Data section Block Start
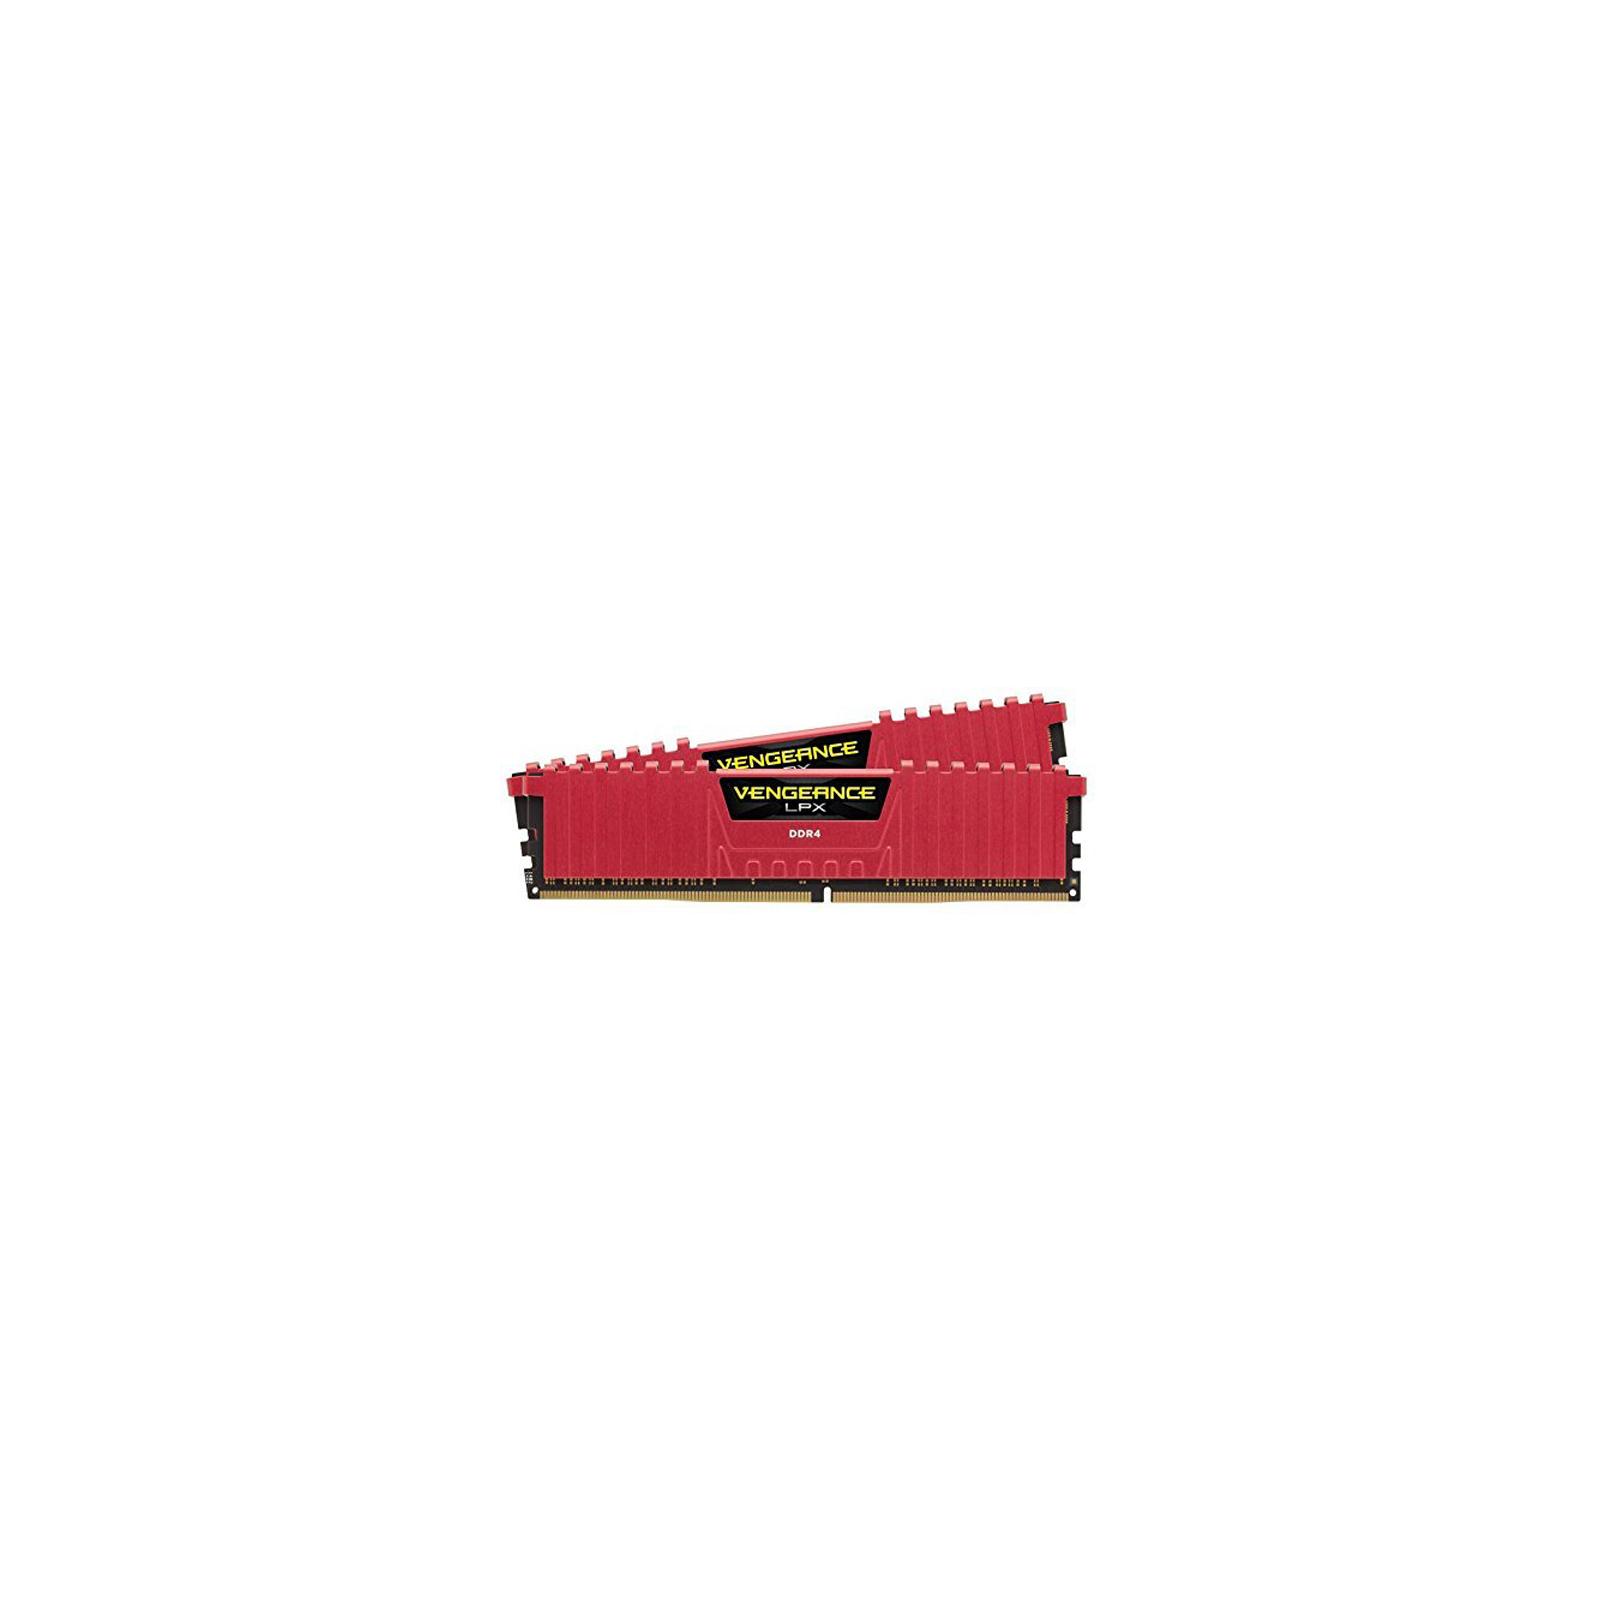 Модуль памяти для компьютера DDR4 16GB (2x8GB) 3000 MHz Vengeance LPX Red CORSAIR (CMK16GX4M2B3000C15R) изображение 2
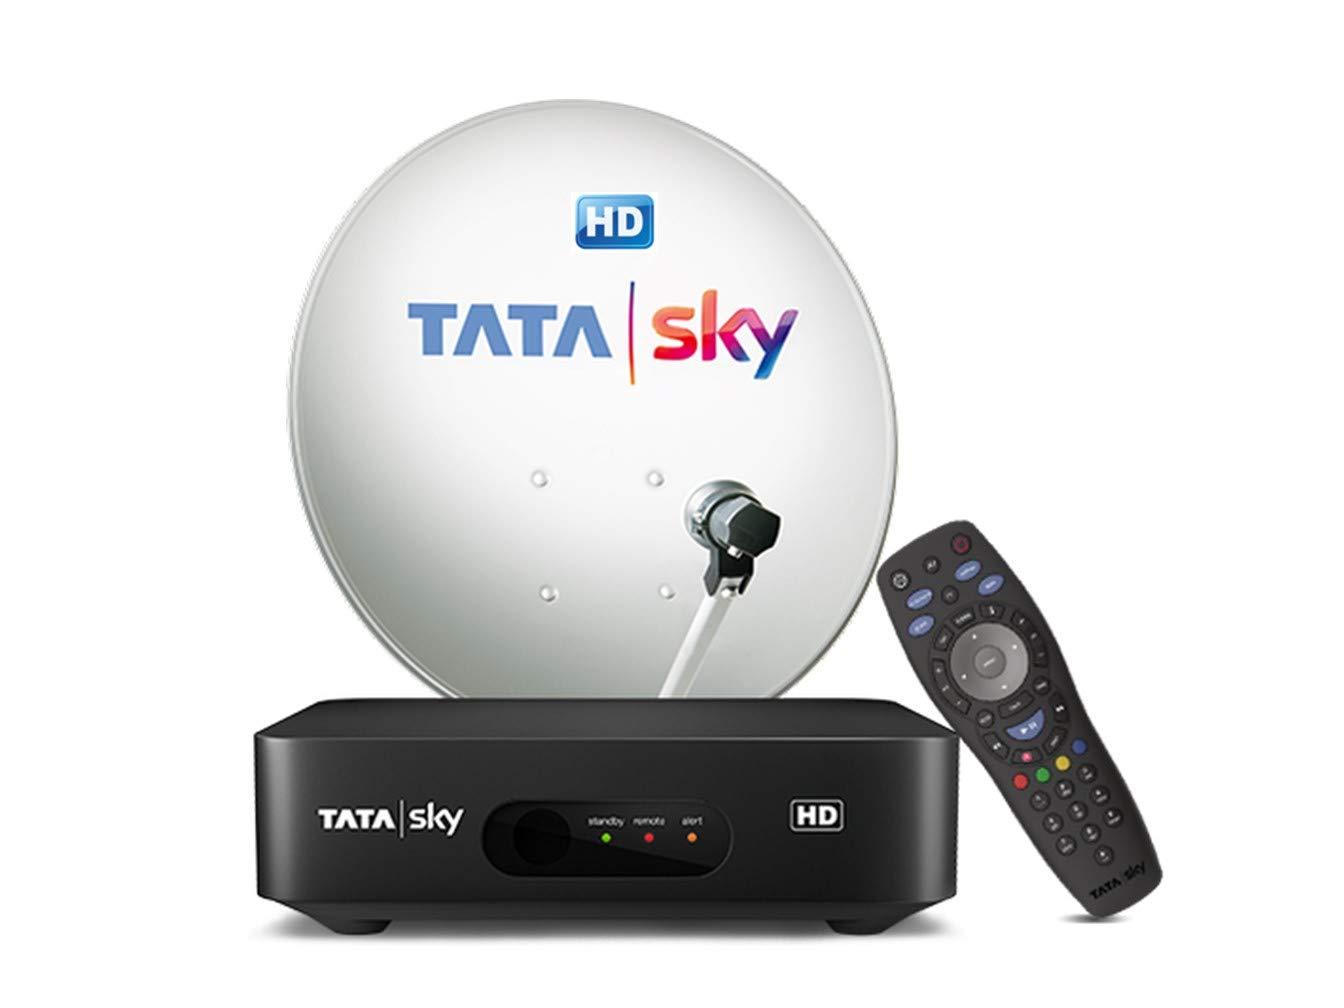 Tata Sky Hd Set Top Box 1 Month Hd Family Kids Sports Amazon In Electronics
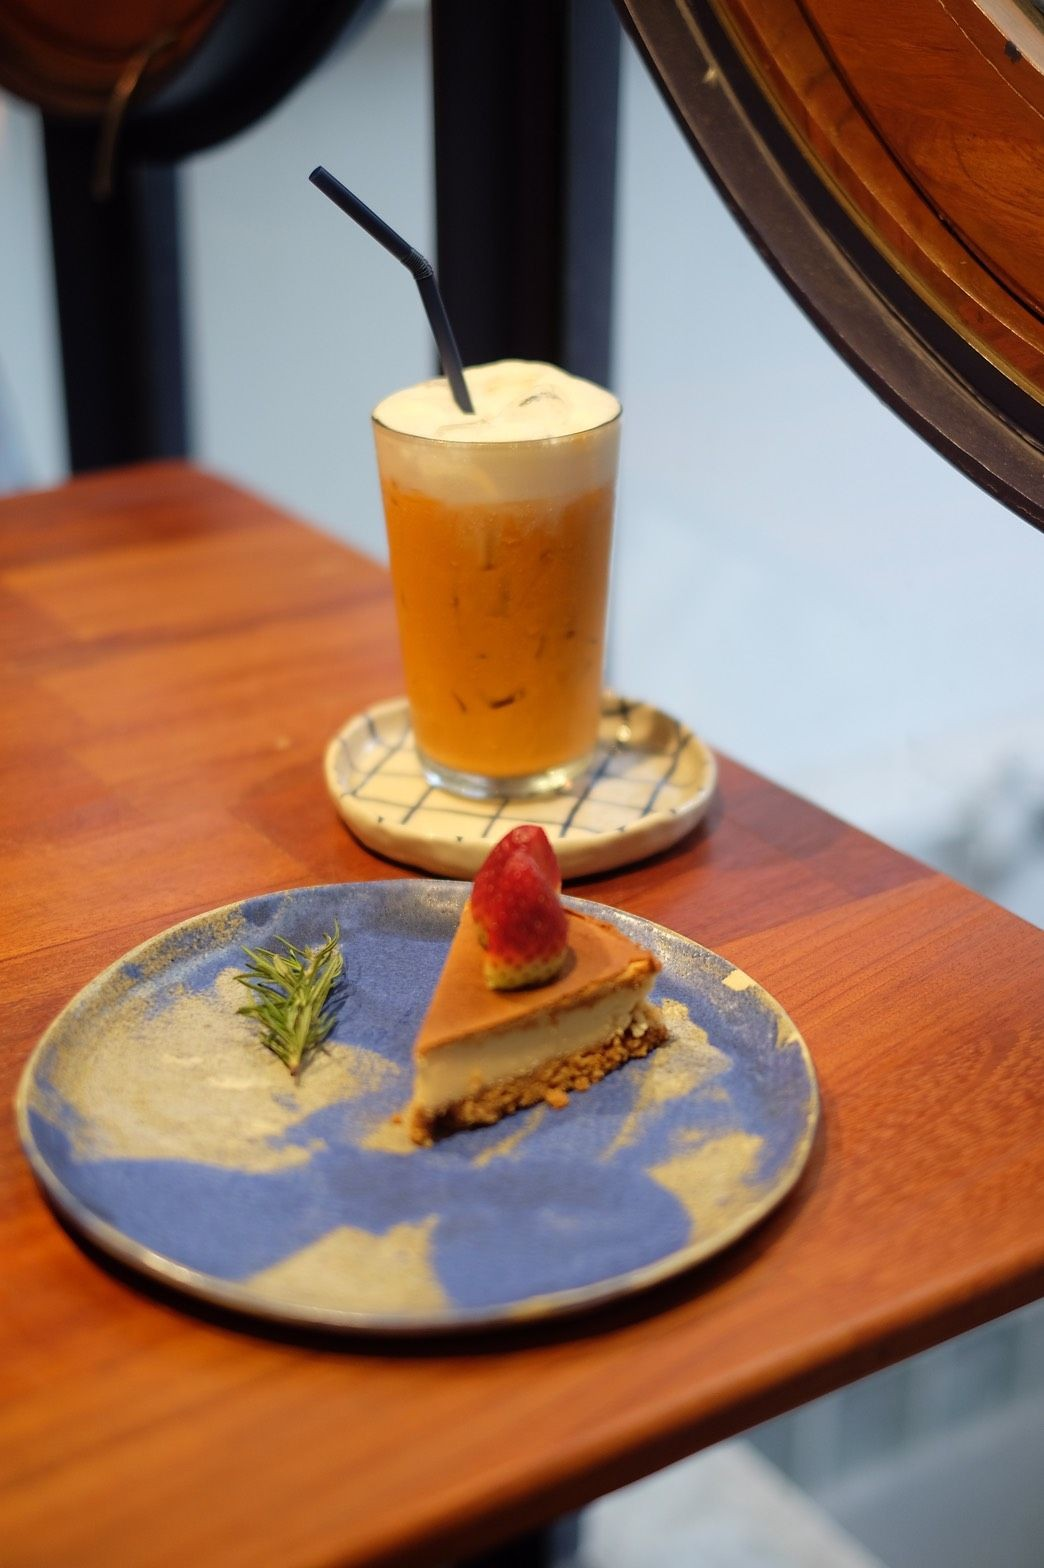 A clay cafe
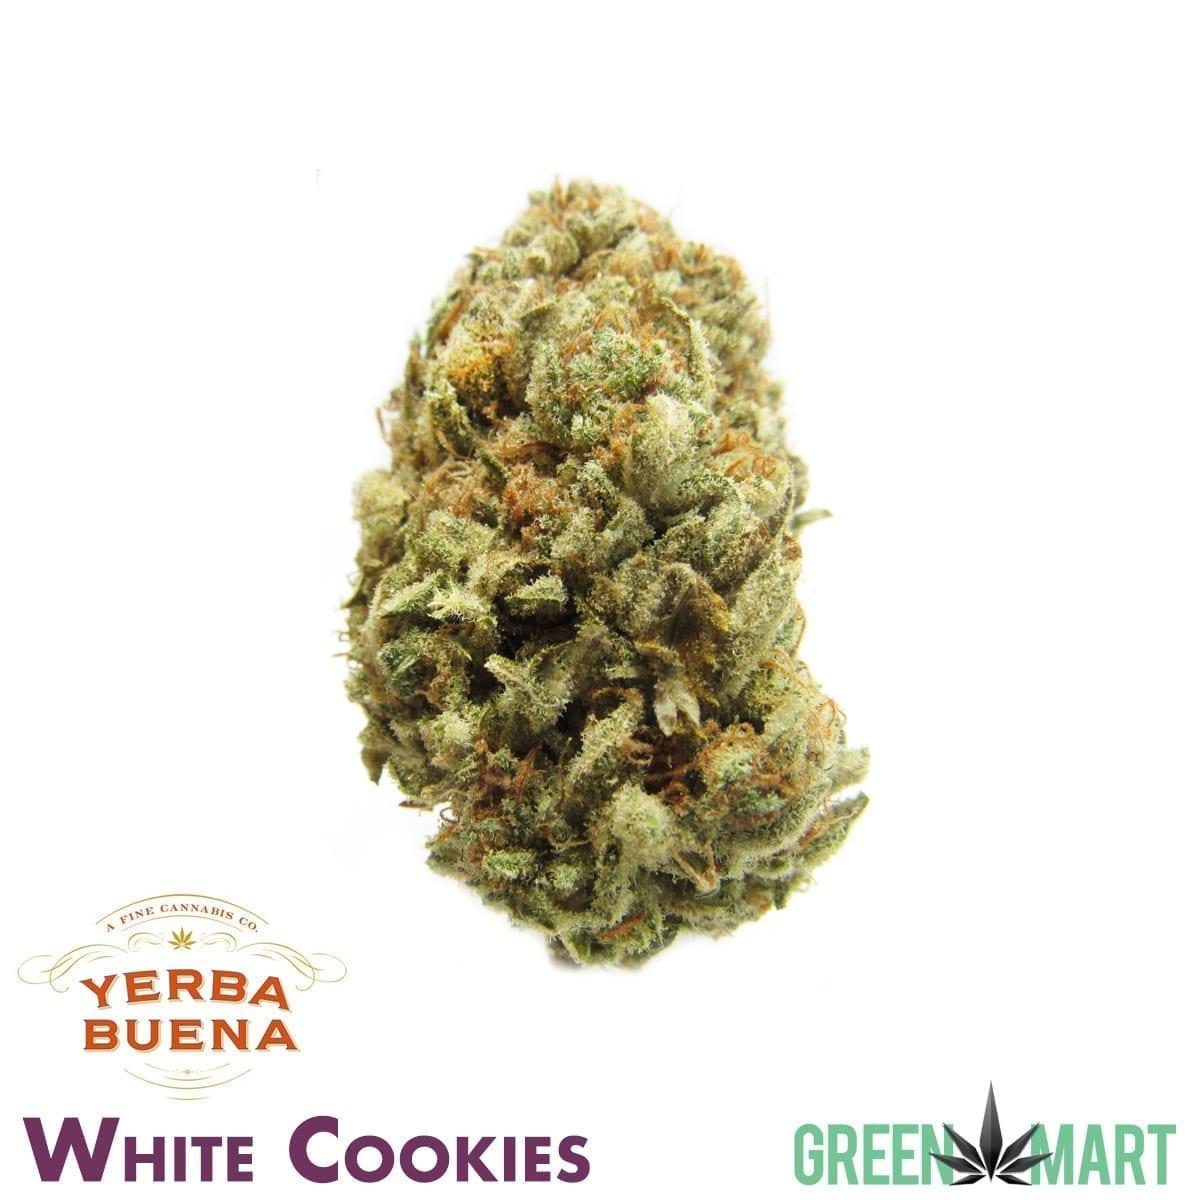 White Cookies by Yerba Buena
Data section Block End
◆ **Task item**: Starting with the line that holds "Tata Sky Hd", transcribe exactly each line through the last one of the material above, and nothing else. Do not include pictures.

◆ **Solved exercise**:
 Tata Sky Hd Set Top Box 1 Month Hd Family Kids Sports Amazon In Electronics
 A clay cafe
 White Cookies by Yerba Buena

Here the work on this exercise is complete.